Я не воспользовался, просто накопилось. Но это он так, для разрядки напряженности. Ему объяснять не надо, понимает. Я правду сказал, мне не о ком было думать. В такие минуты ни о ком не думаешь. Оказываешься один. Вообще-то всегда один, но это скрывается от нас, например, картинами природы. Некоторые пейзажи маскируют печальный факт, а другие нарочно выпятят!.. Например, пустыня... песок от земли до неба, ветер, бешеные корни да колючки по небу летают... Этот вид не уходит от меня. В сущности везде пустыня, только выглядит по-разному. У нас в России тоже не для слабых, но кое-какая жизнь еще теплится. Тоска, но не смерть в пейзаже.
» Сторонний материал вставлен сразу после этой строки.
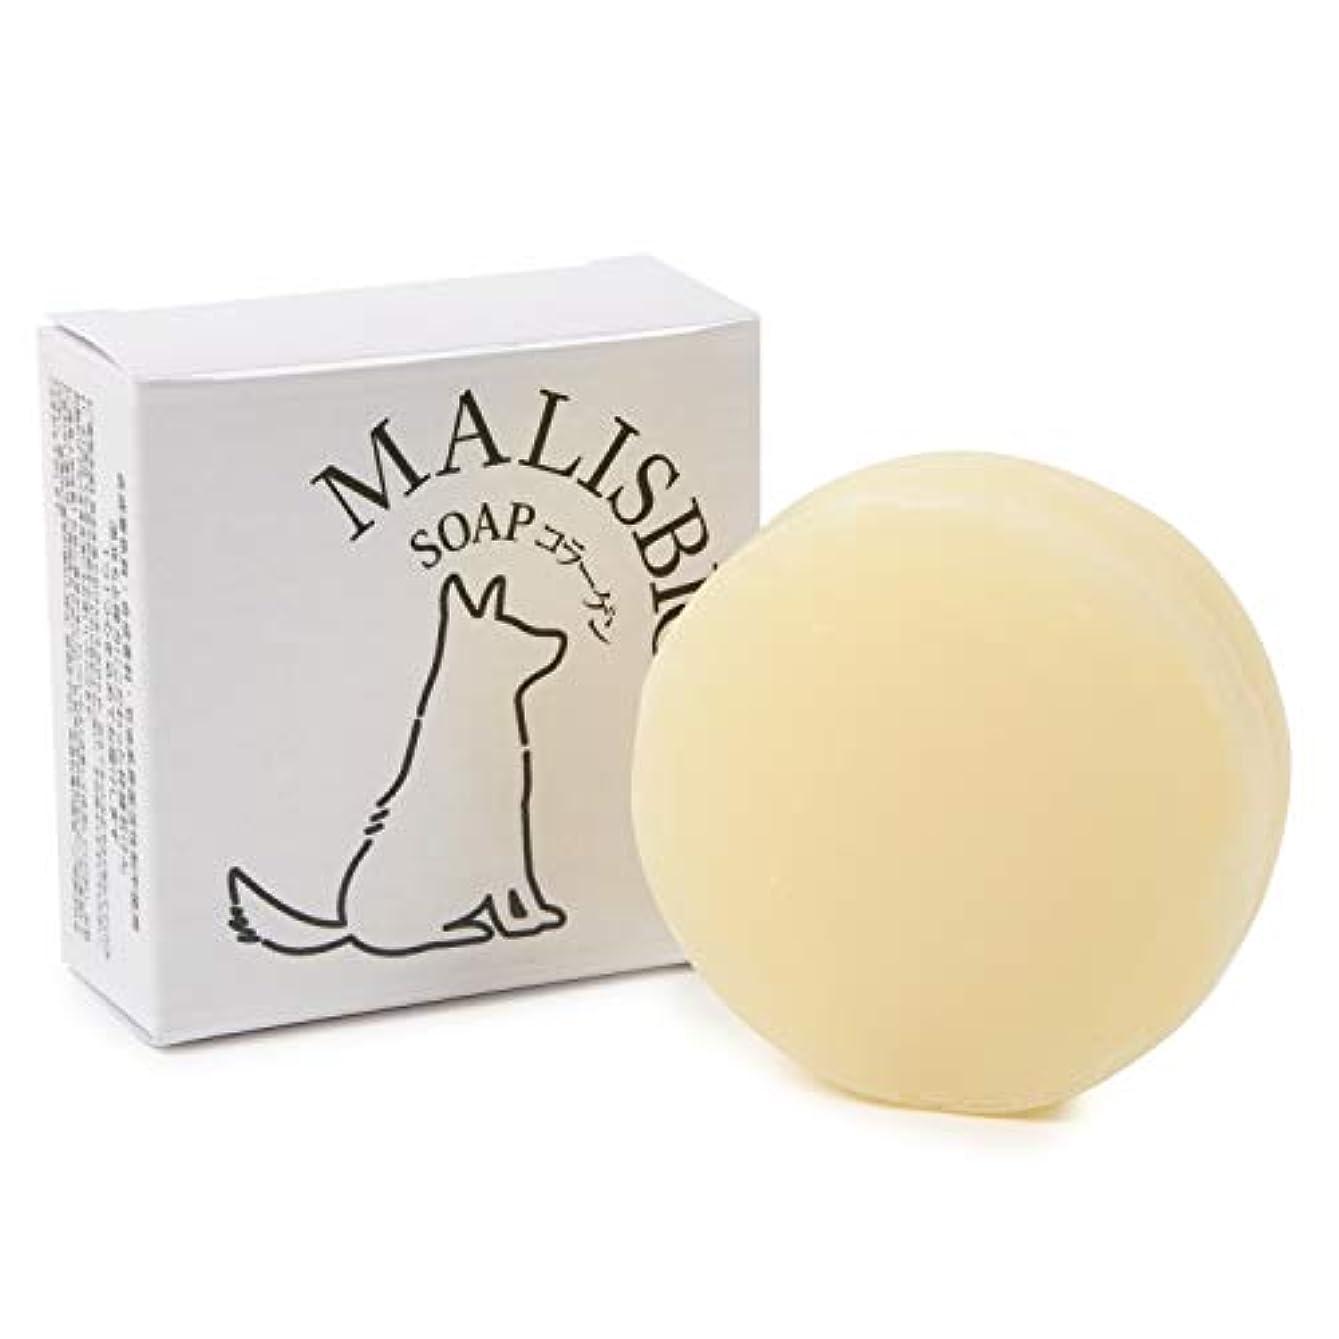 頑固な脊椎味コラーゲンソープ 洗顔石鹸 固形 無添加 お肌に優しい成分のみ 敏感肌 毛穴にも 日本製 マリスビオ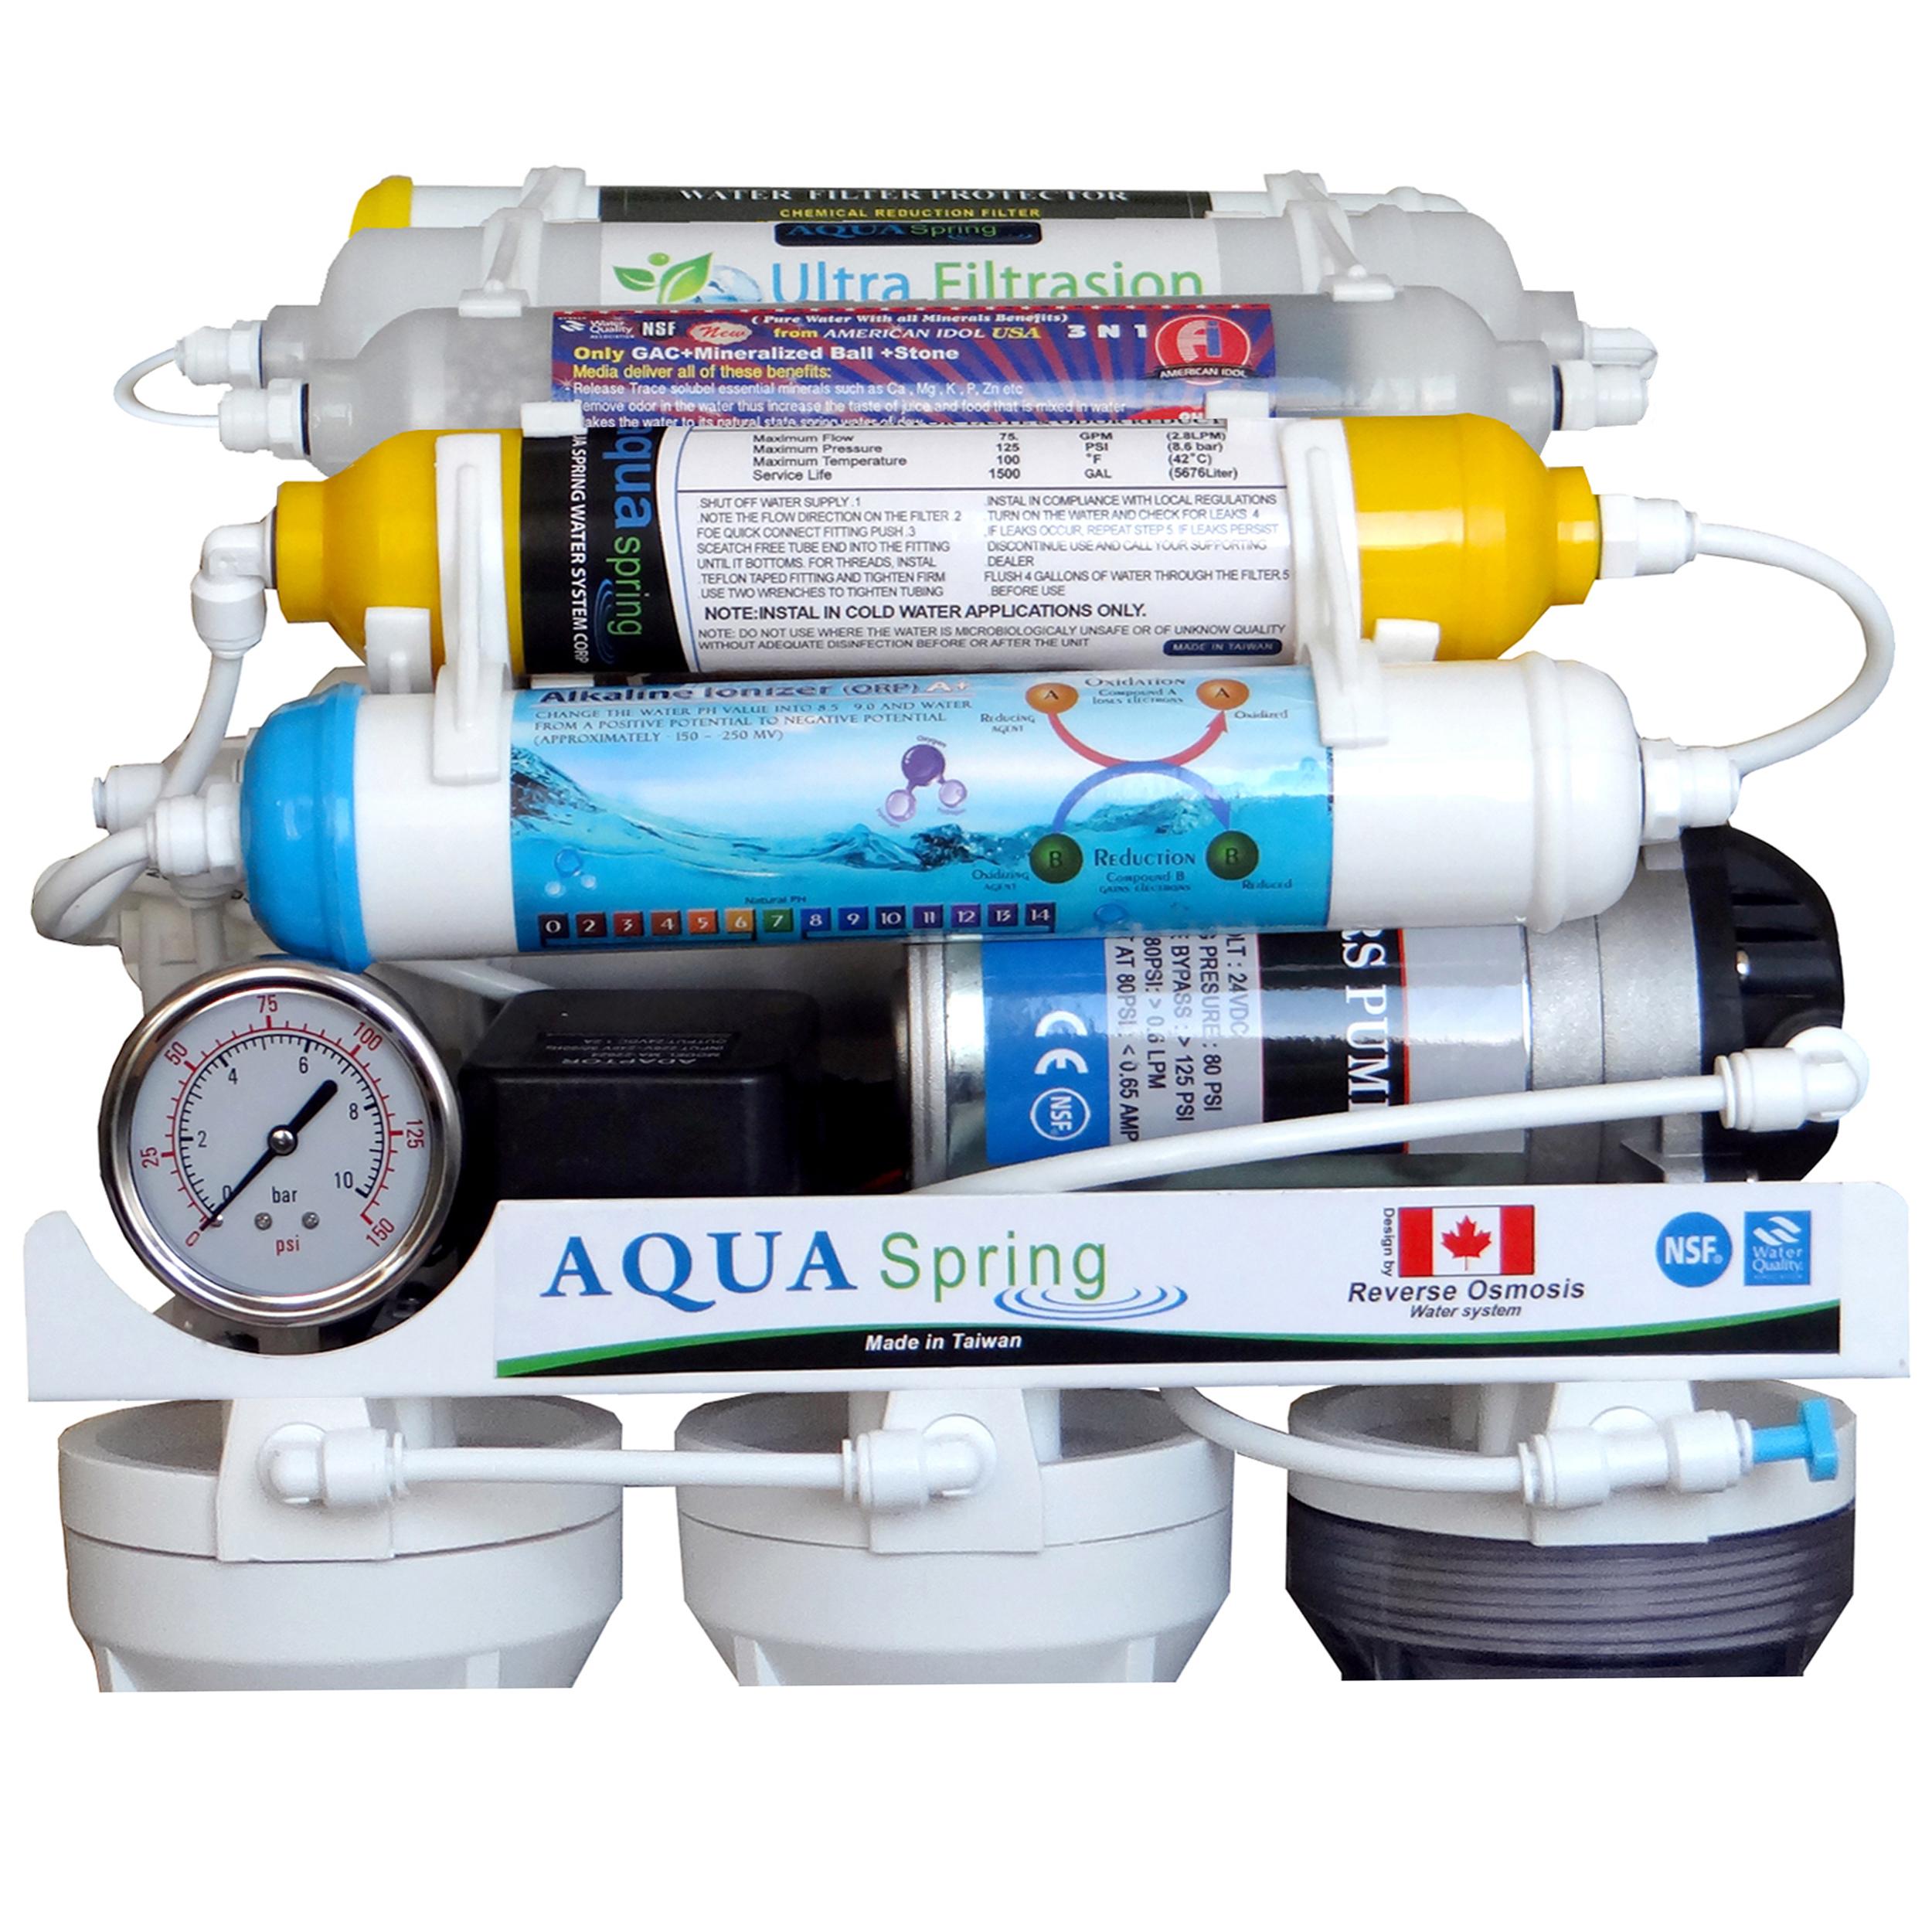 خرید اینترنتی دستگاه تصفیه کننده آب آکوآ اسپرینگ مدل RO-AF2200 با قیمت مناسب

Как только шутки кончаются, мне не по себе. Что с жизнью делать, если не смеяться над ней?.. Оказалось, не спасает, как-то по особенному устал, будто мне сто десять лет. И захотелось поскорей прекратить. А что удержало? Простое чувство – боль. Я понял, какая благодать, когда больно.
И не повторял. С тех пор больше не пытался. Нутром прочувствовал никуда не денется, успеется еще, успеется... Кровь выпустить на волю даже приятно, живое вещество. Но ты поживи еще, посмотри на мир. Плох или хорош, другого не придумали.
***
А потом новый круг начался. Мне сказал умирающий – живи!
Ну, не сказал, слов почти не было, одно-два... Но я понял, что он хотел мне передать.
Все, он говорит, в сущности ерунда – нации, государства, богатство, распри эти, власть... даже свобода, истина и справедливость! У нас с тобой было несколько дней, минут, мгновений, помнишь – было! Ничем их не заменить, и не стереть из памяти. И если через годы, войны, кровь – насквозь, без усилий и потерь – прошли и сохранились, значит, главные.
Ради них стоит пожить. Без них ничего остального – не будет.
Не умничай, не спрашивай, зачем... живи ради таких минут и помоги другим выжить.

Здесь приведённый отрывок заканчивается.